■ Dataset extract
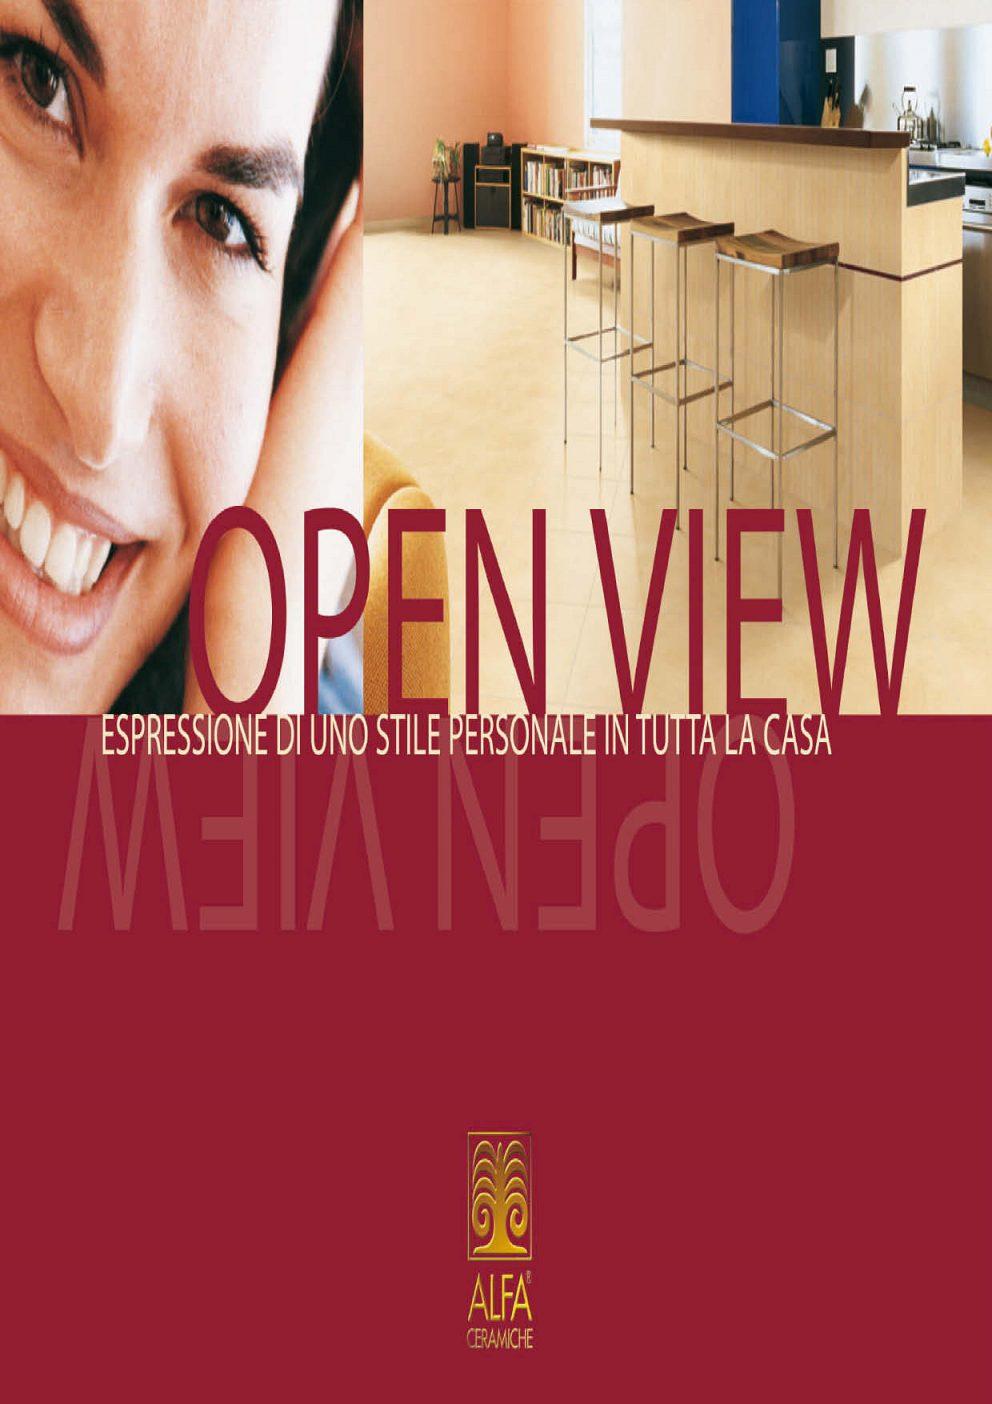 Alfalux - Open view
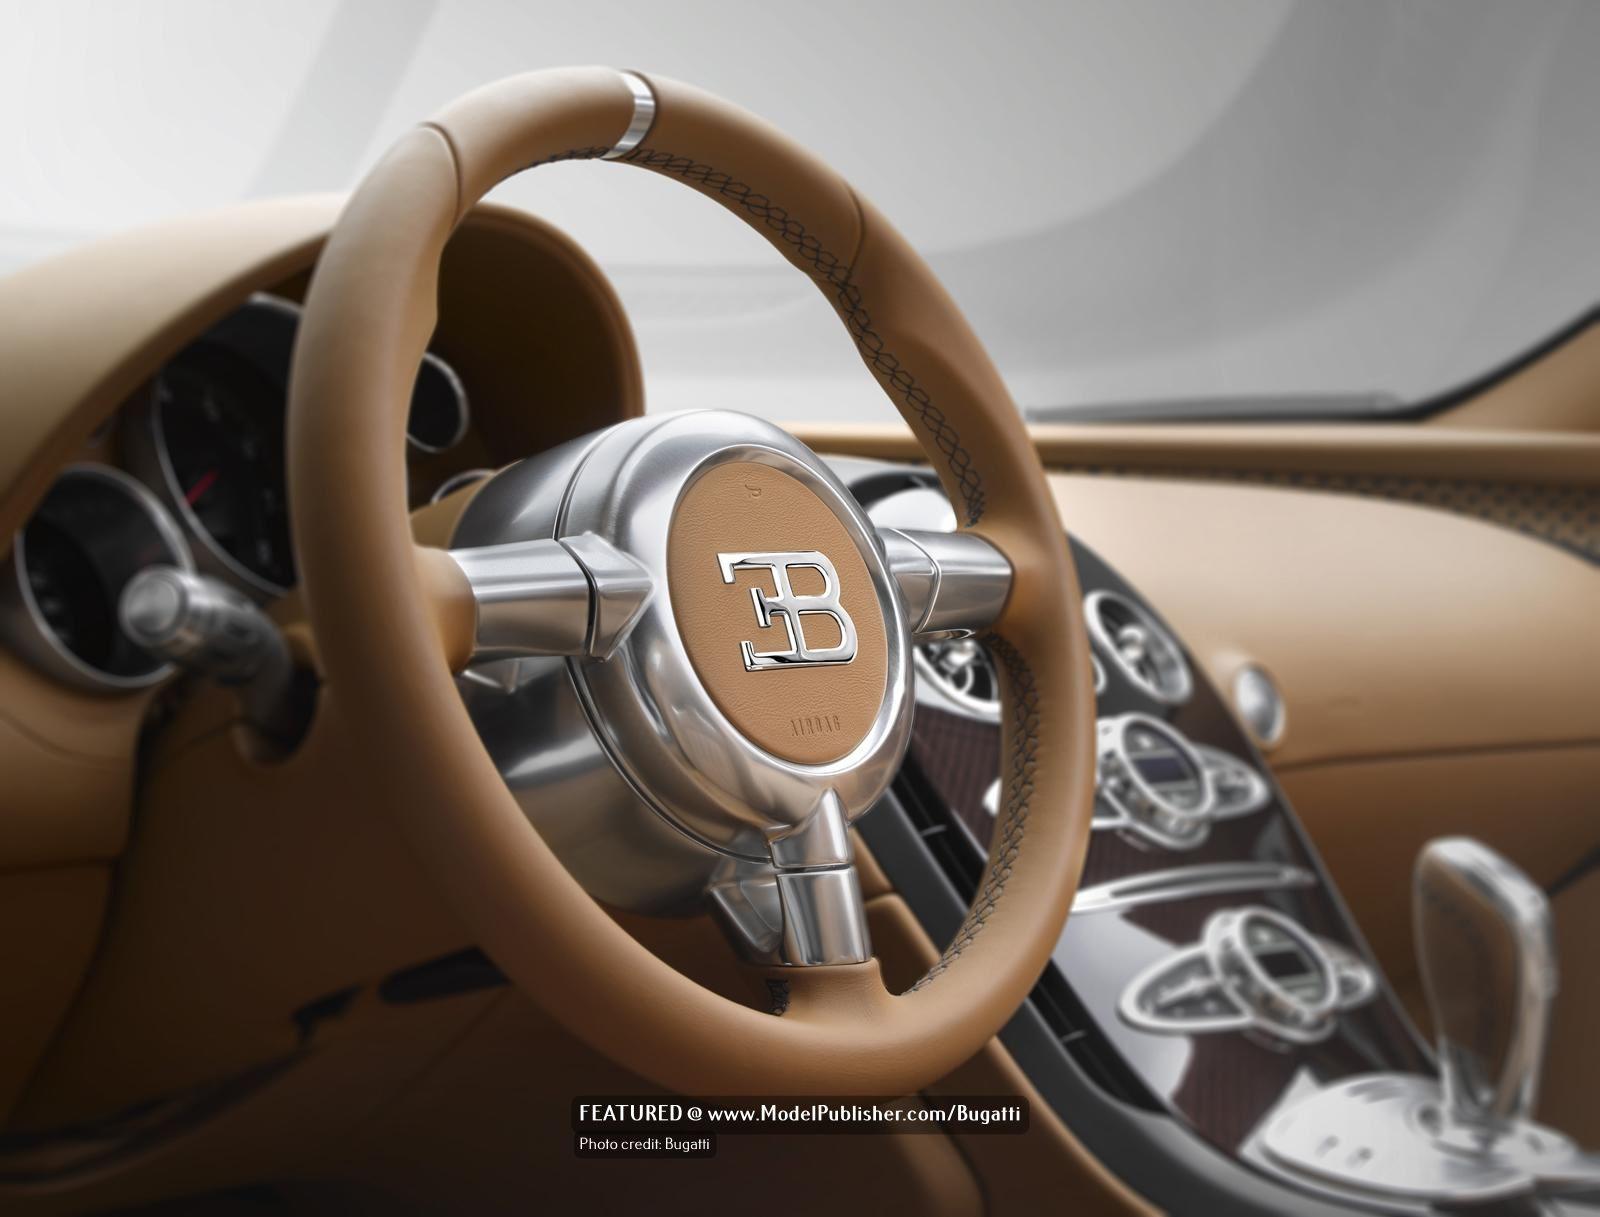 b196ef0e0a9285024139fef5d70409fd Cozy Bugatti Veyron Rembrandt Edition Price Cars Trend
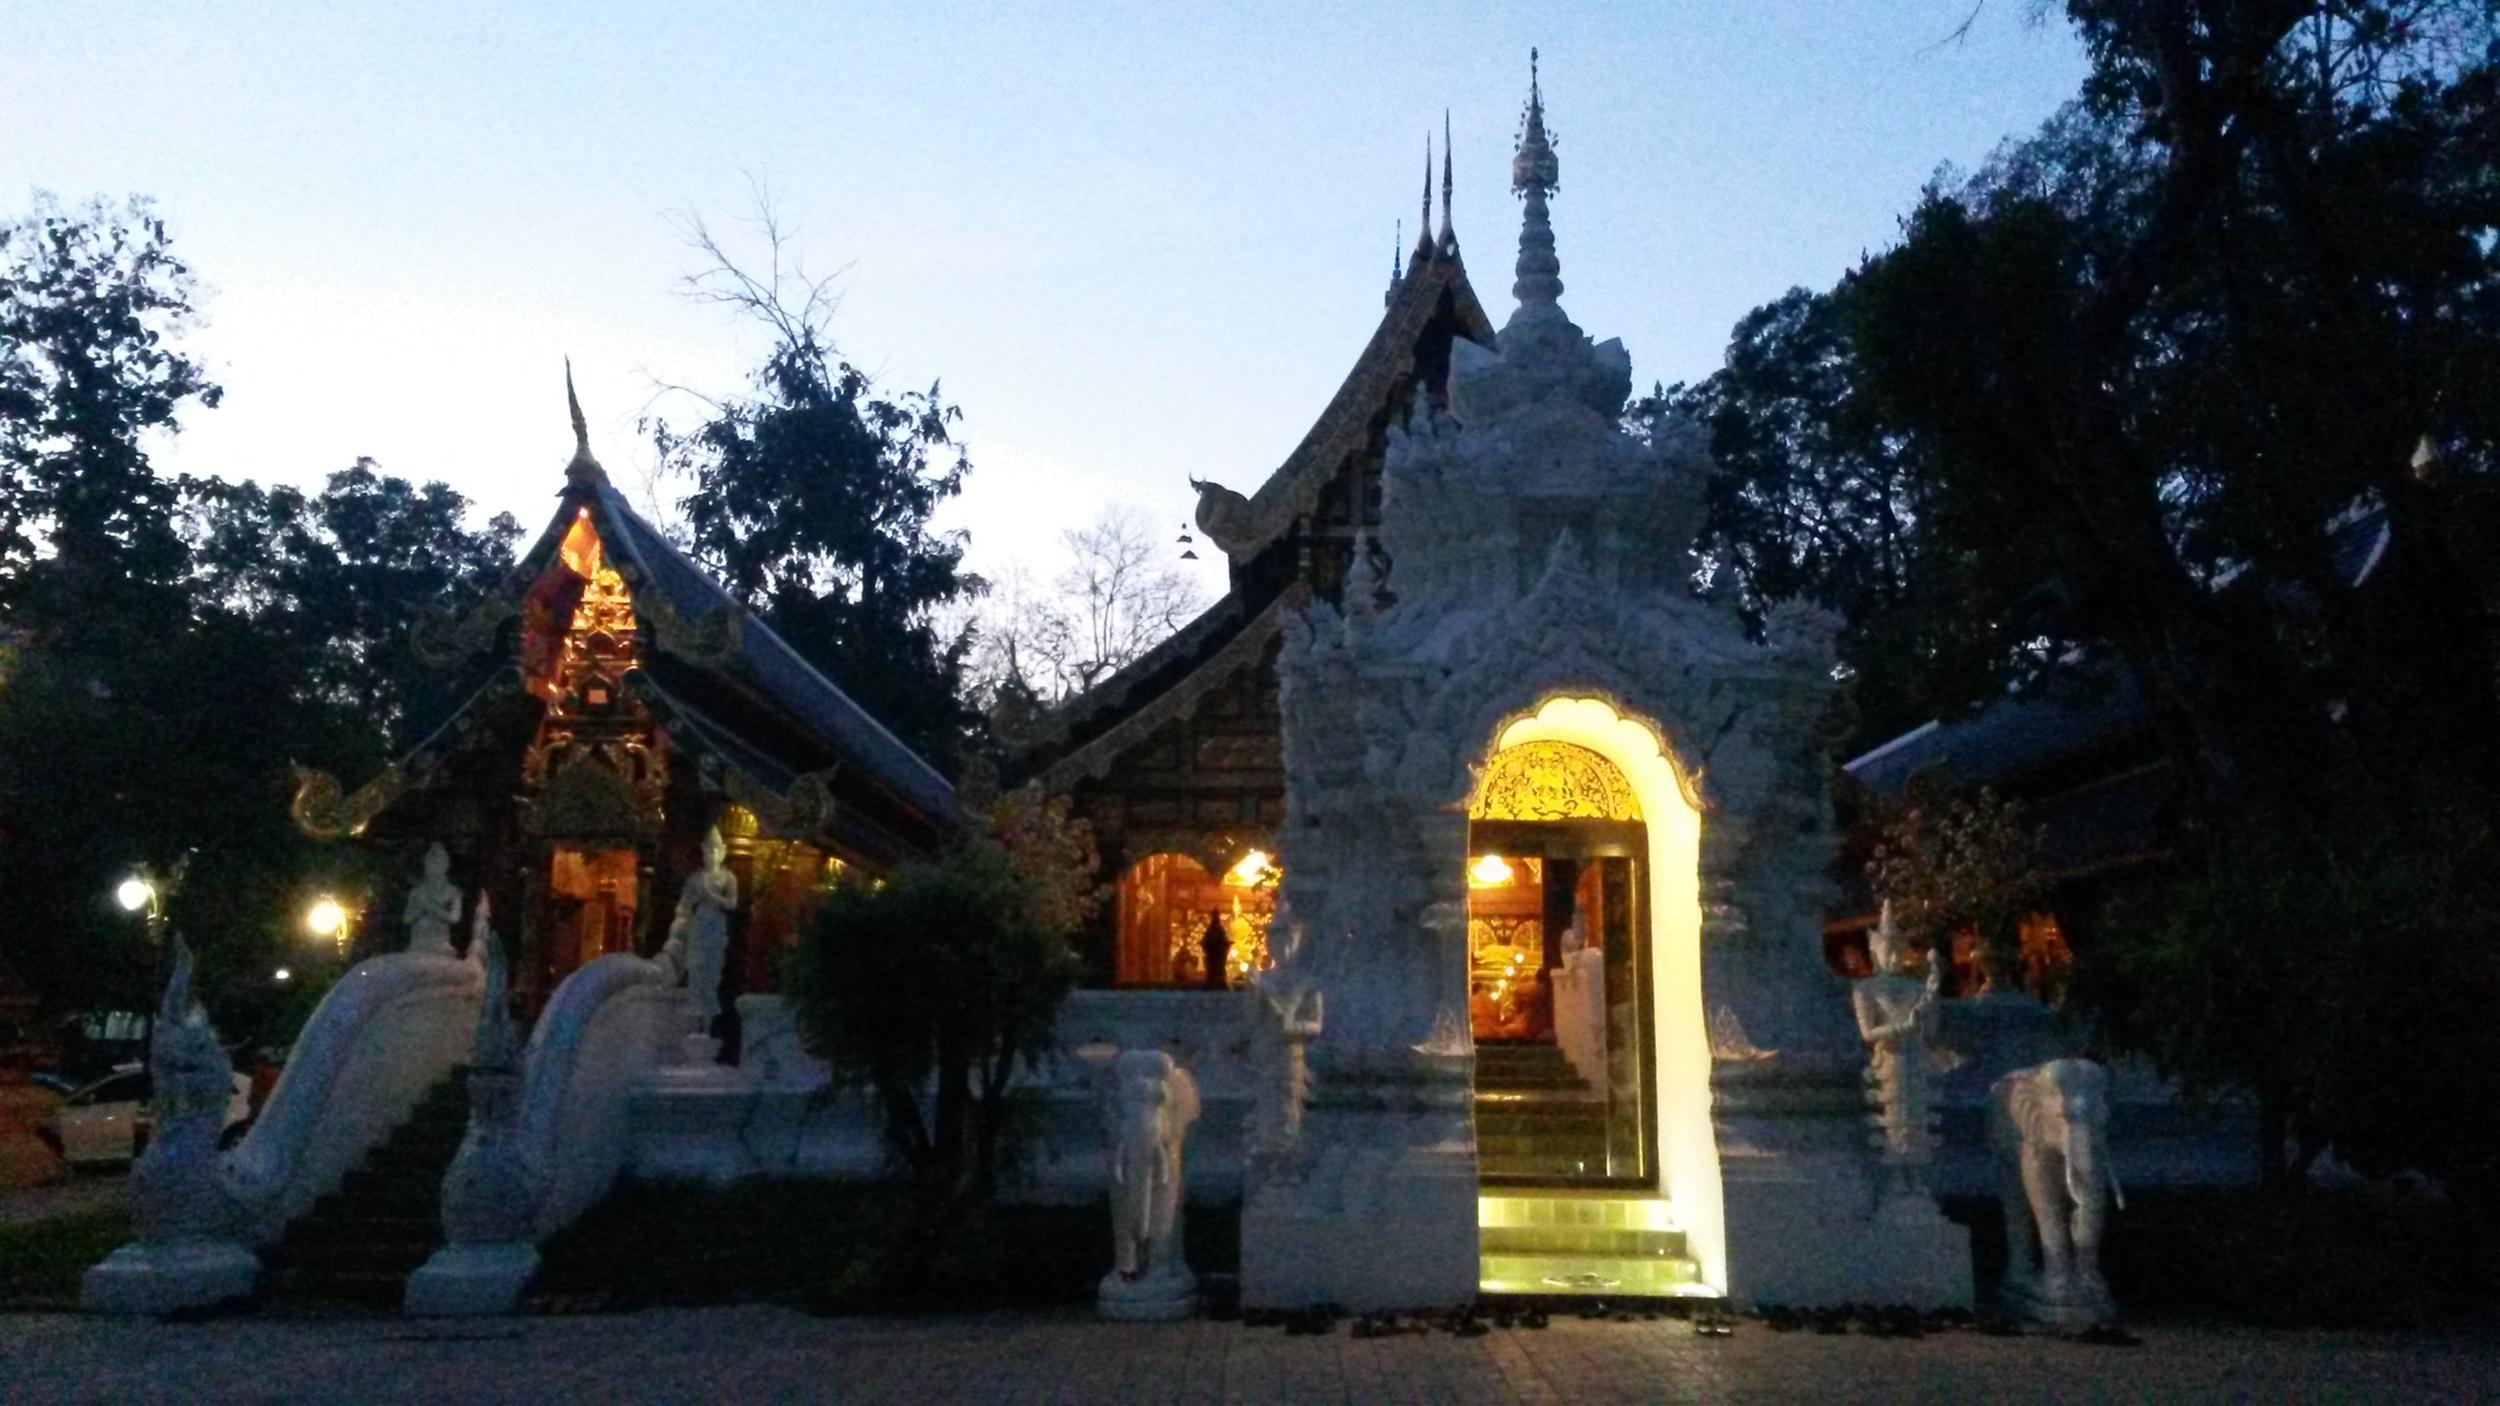 Abends: In der Halle sitzen die Mönche beim Chanting
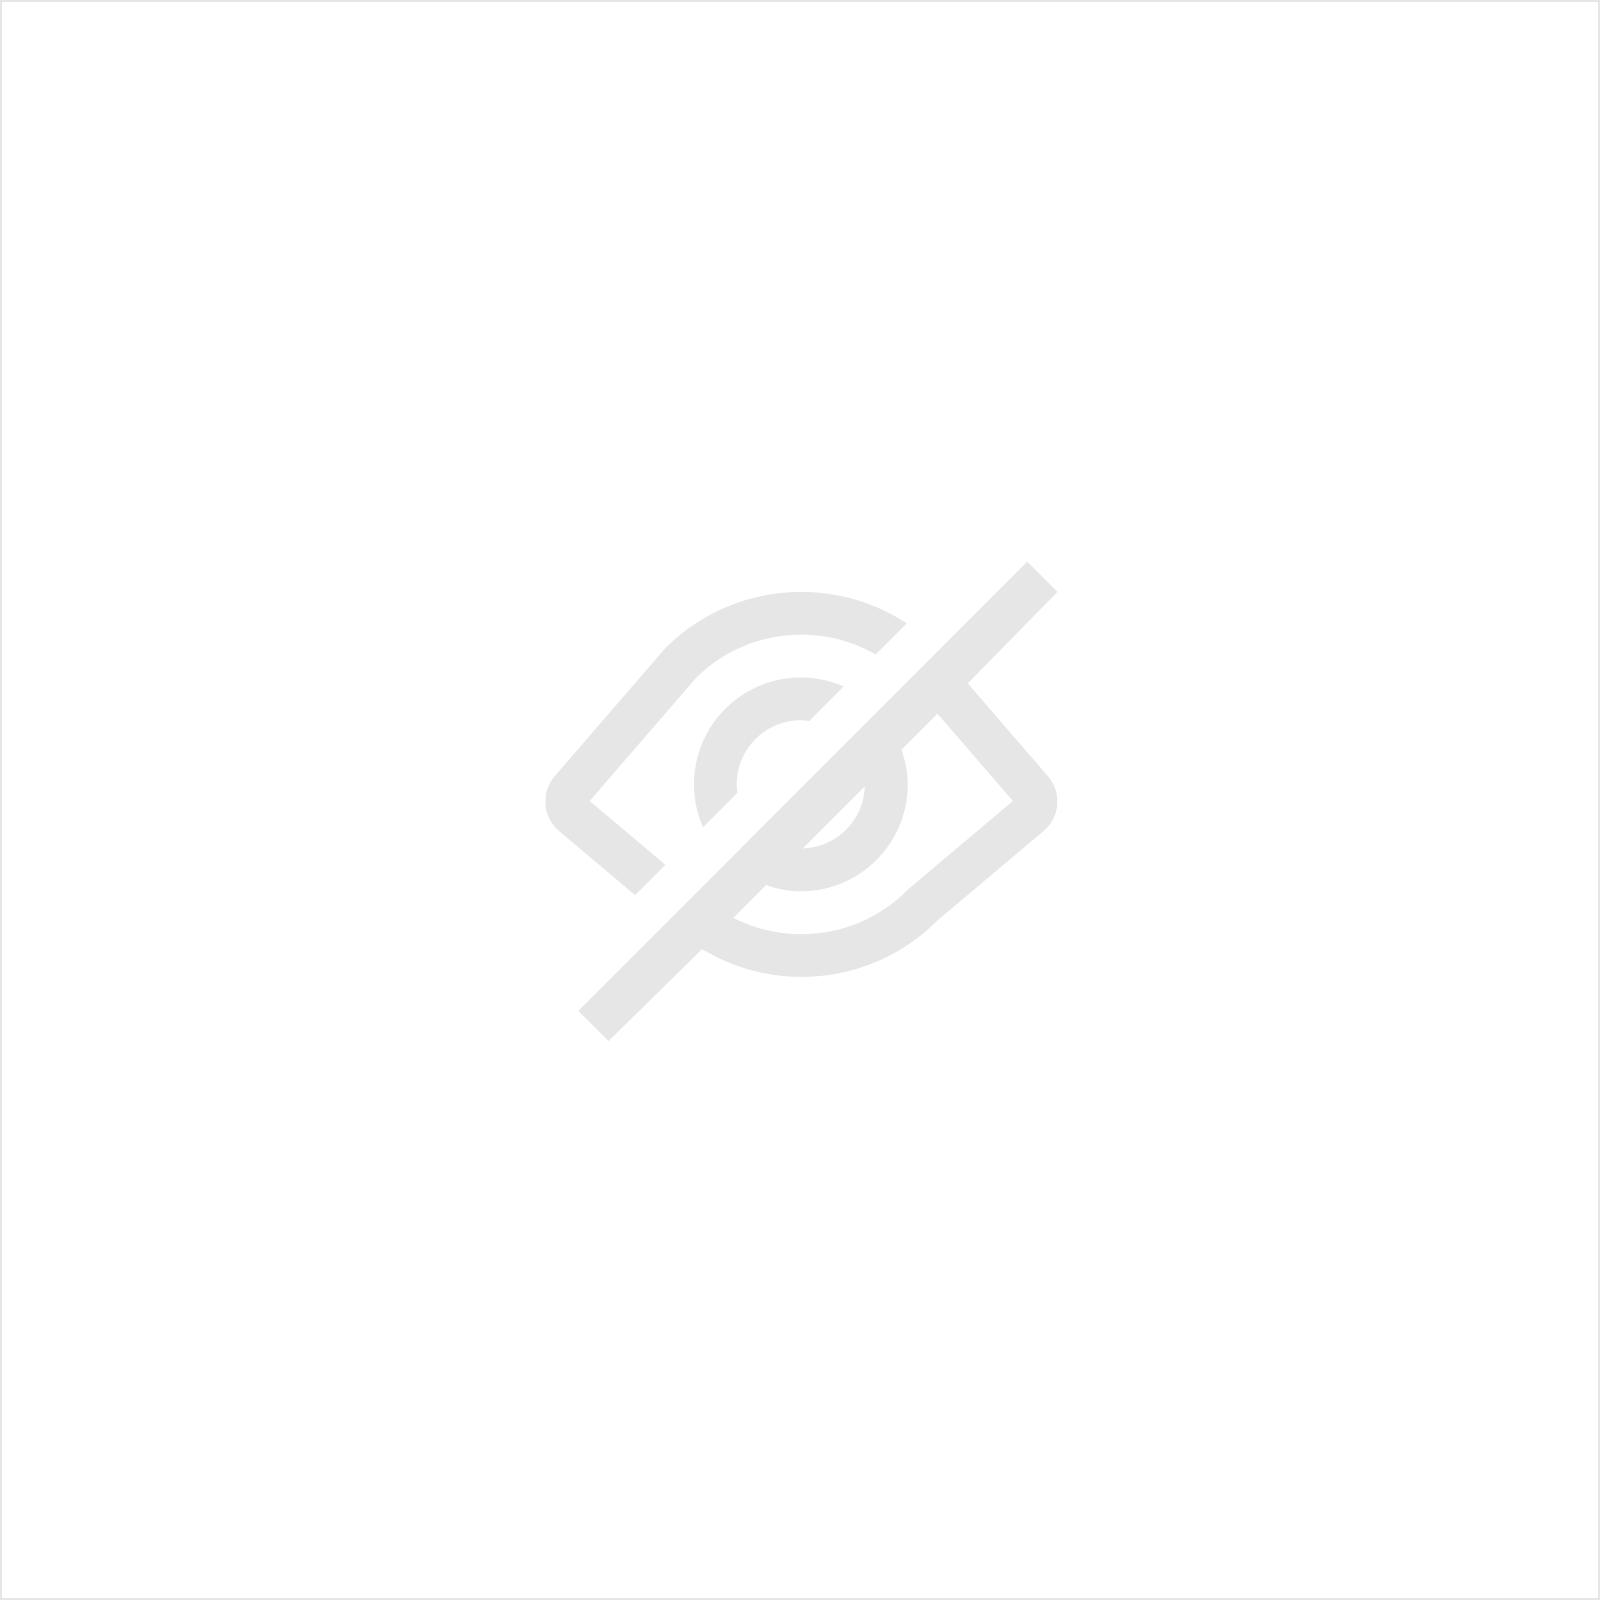 OPTIONEEL 1/8 DOUBLE TAPER PINSTRIPE ROLL SET VOOR BOORD EN LIJSTMACHINE

■ What the task asks
All of the listing is to be written out exactly, with the pictures left out.

■ Finished task
 Alfalux - Open view
 b196ef0e0a9285024139fef5d70409fd Cozy Bugatti Veyron Rembrandt Edition Price Cars Trend
 Abends: In der Halle sitzen die Mönche beim Chanting
 OPTIONEEL 1/8 DOUBLE TAPER PINSTRIPE ROLL SET VOOR BOORD EN LIJSTMACHINE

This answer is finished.